Знаешь, дневничок, меня до девятого класса водил в школу Димка. Утром мы вместе шли на уроки, днём – домой. Даже учась в вузе, он находил время меня забирать. А когда он был маленьким, его водили в школу родители. И оставляли на продлёнке, где воспитательница точно знала, КТО может прийти за этим ребёнком. Я ношу с собой газовый баллончик. Умею стрелять из пистолета. Разбираю и собираю оружие. Но главное – я знаю, как страшно бывает, когда кто-то из родителей звонит с работы и говорит: «Из дома не выходи. И ни в коем случае не открывай никому дверь. А в случае опасности стреляй». Не хочу, чтобы моим детям пришлось испытать это на себе.
– Квартира Андреевых?
– Да.
– А кто у телефона?
– Извините, а кто вам нужен?
– Да хотя бы ты, девочка… Даже хорошо, что ты дома. Передай маме, что я её на дне достану. Она ещё на коленях у меня прощения за всё попросит…
Дальше – перемешанное с матом описание того, что конкретно сделают с каждым из нас. Человек на другом конце провода упивается каждым словом… Мне страшно. Сколько раз слышала такое, но, наверное, никогда не смогу привыкнуть. Хочется бросить трубку, но злой голос словно гипнотизирует меня. Я стою, прижавшись спиной к стене, и напряжённо вслушиваюсь в эту путаную речь…
Я боюсь. Знаю ведь, что ничего не случится, что это всего лишь угрозы, но ничего не могу с собой поделать. Жутко оказаться в такую минуту в пустой полутёмной квартире, когда кажется, что родители никогда не придут со своей ужасной работы… Господи, они ведь делают всё, чтобы людям в этом городе жилось хоть чуть-чуть спокойнее, чтобы воры, убийцы и насильники были там, где полагается, чтобы на улицу можно было выходить без опаски! Так почему же вместо благодарности мои мама и папа должны получать угрозы?
4 февраля 2000 года
По школе пронёсся шокирующий слух: Аня Симонова родила ребёнка! И её исключают. За «неподобающее поведение».

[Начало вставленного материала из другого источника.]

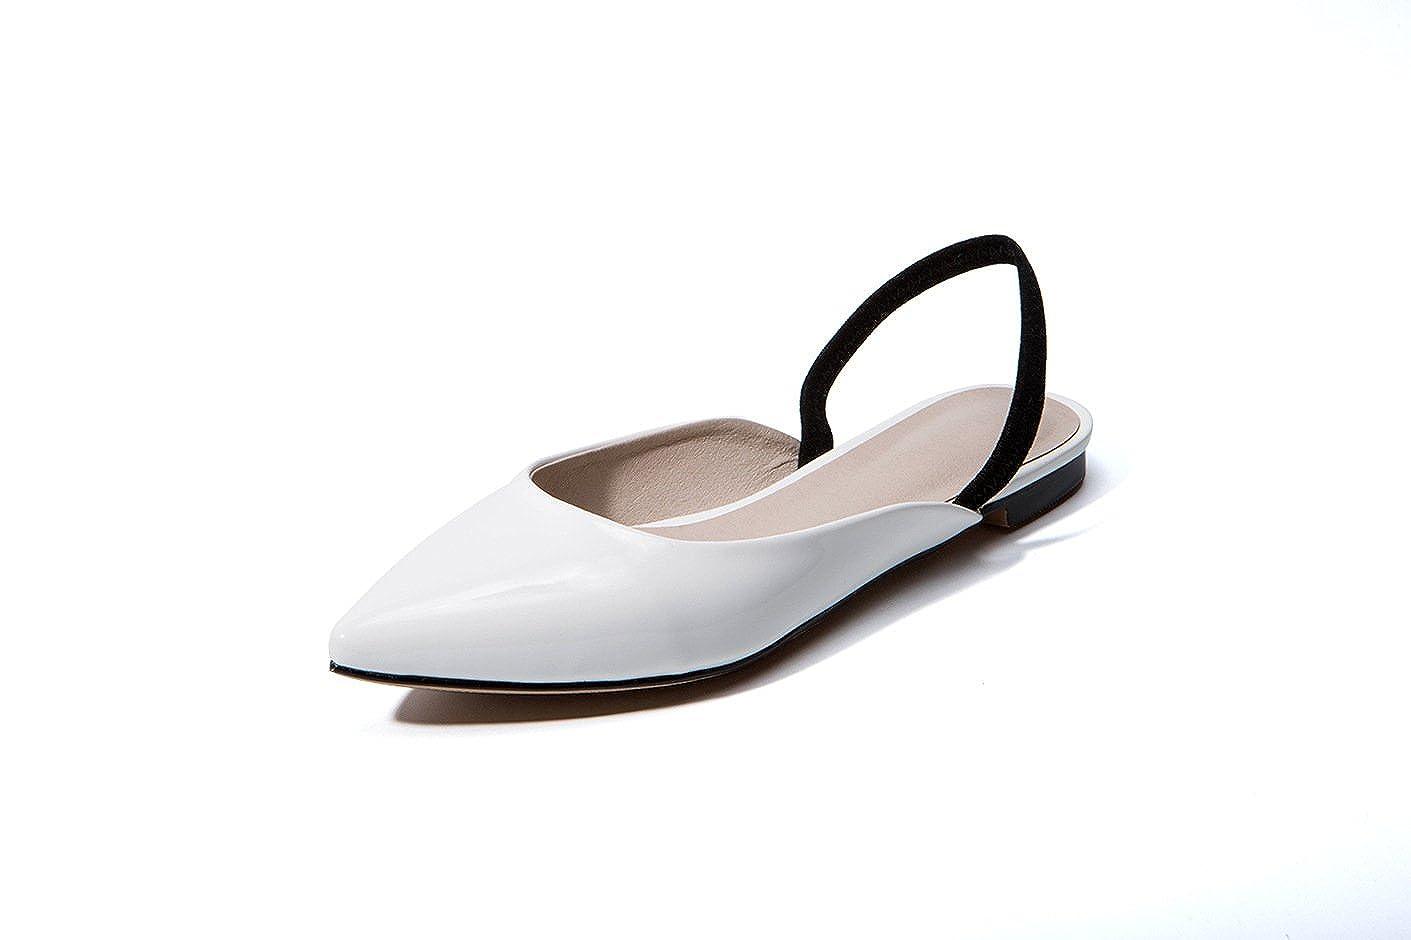 Unbekannt Damen Sandalen Flachbild Baotou Gummizug Rücktaste Hingewiesen Weiß 40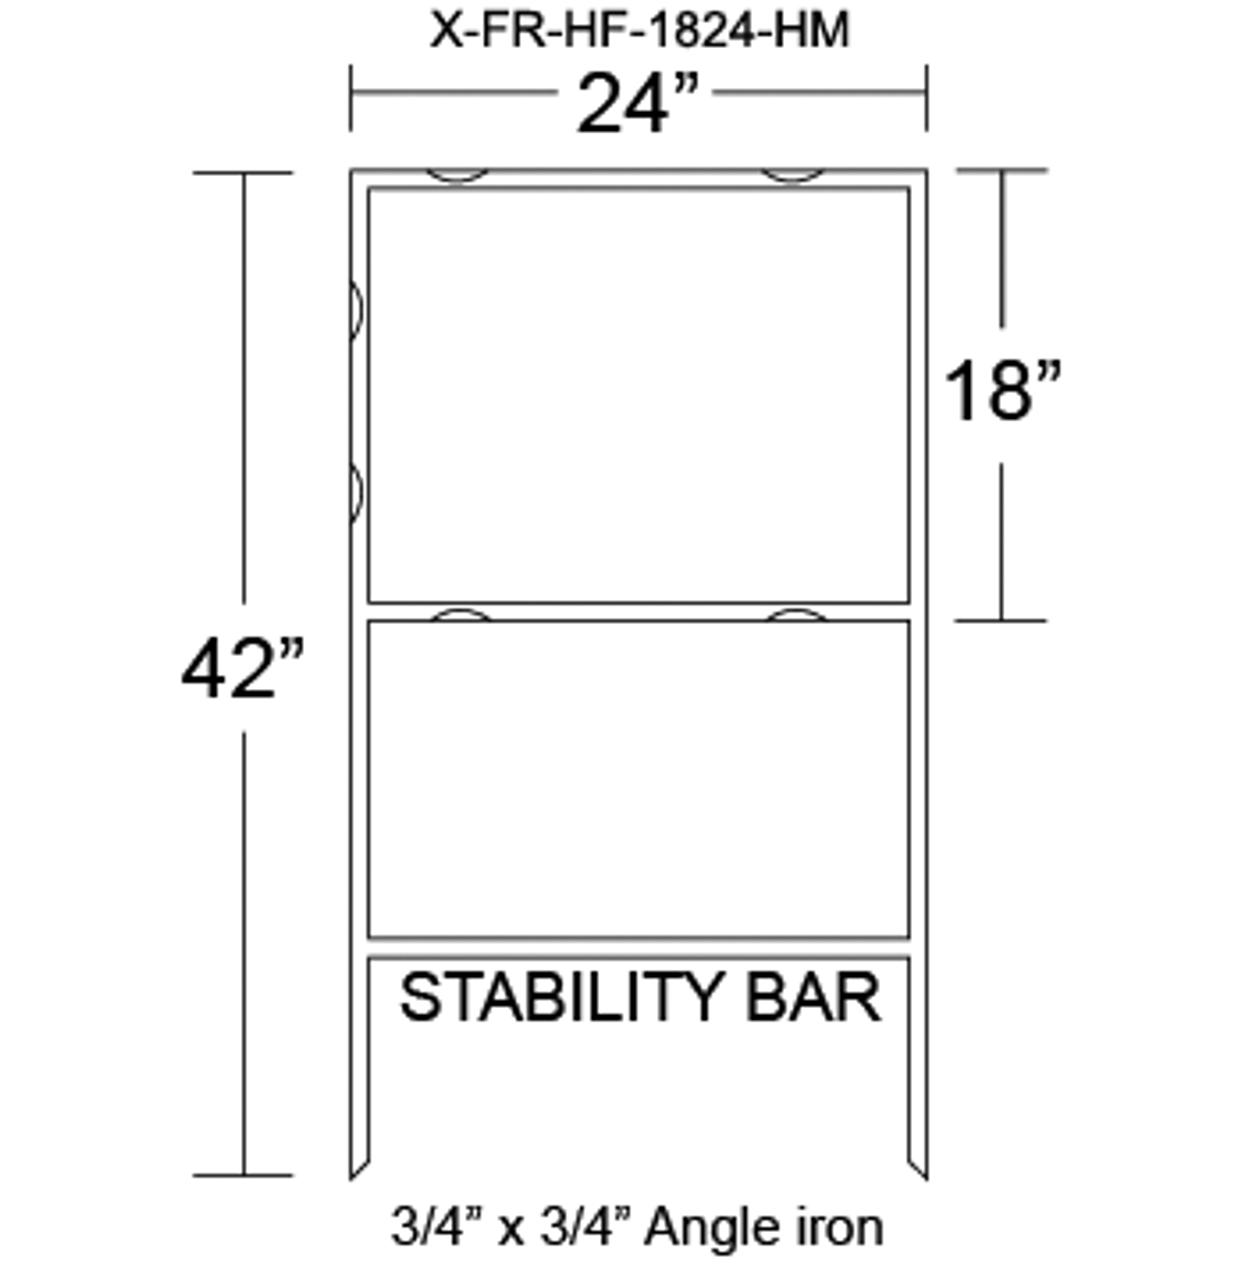 X-FR-HF-1824-HM

Если уж быть точной, об Аниной беременности начали шептаться ещё перед зимними каникулами, когда она внезапно перестала ходить на физкультуру. Говорили, что она принесла нашему физруку Ивану Михайловичу справку, от которой у него лицо вытянулось. Что как-то ей стало плохо во время лабораторной работы по химии. И много ещё чего. Девчонки шушукались за Аниной спиной, подшучивали над её бесформенной одеждой и необычной полнотой. Аня смущалась, на переменах убегала подальше от любопытных взглядов и часто пряталась в медицинском кабинете.
Мы с Аней никогда не были приятельницами и общались всегда на уровне «привет-пока-что задали». После осенних каникул она не приходила на уроки, но стала регулярно звонить мне: узнавала домашние задания и темы, которые мы изучали. О себе почти ничего не говорила, кроме того, что не совсем здорова и пока в школе появляться не будет. Я не задавала ей никаких вопросов. Захочет – расскажет сама.
После новогодних каникул она перестала мне звонить, и я подумала, что если Аня и в самом деле беременна (а я в этом почти не сомневалась), то, наверное, легла в больницу. И вот сегодня, на большой перемене, когда Татьяна Мироновна из класса уже вышла, а основная масса учеников – ещё нет, наша неугомонная Татьяна вскочила на стул возле первой парты и закричала:
– Потрясающая новость, вы знаете? Аня Симонова пятнадцатого января родила дочку!
Класс загудел. Все собрались вокруг Татьяны.
– Да-да, родила! Говорят, что немного раньше срока, что роды были тяжёлые, она еле оклемалась. А папочка ребёнка даже не удосужился её из роддома забрать! И, представляете, она собирается вернуться в школу, экзамены сдавать! – Надо было видеть, с каким цинизмом говорила об этом Татьяна. – Вот дура! Её ведь теперь точно исключат!
Татьяна не любит Аню. Хотя, кого она вообще любит?
– Зачем ты так о ней? – не выдержала я. – Ну даже если… даже если у Ани родился ребёнок, что в этом такого страшного?
– Ты её оправдываешь, что ли?
– Нет. Но ей, наверное, и так непросто. А нам лучше было бы поддержать её, а не говорить гадости.
– Ещё скажи, что нам надо её навестить! – Татьяна злилась, но под тяжёлым взглядом Стёпы говорить мне что-то откровенно обидное побаивалась.
– Почему бы и нет? Кто готов пойти со мной? – я повернулась лицом к классу. Оля, Юлька, Стёпа, Галка и Светка ринулись ко мне.
– Вы что, с ума все посходили? – Татьяна даже сделала попытку расхохотаться. Ко мне подошли ещё несколько человек – друзья Стёпы.
– Тогда давайте я сегодня позвоню ей и узнаю, когда можно прийти в гости. Может быть, нас не пустят всех в квартиру с маленьким ребёнком, – сказала я, обращаясь к «своей» группке.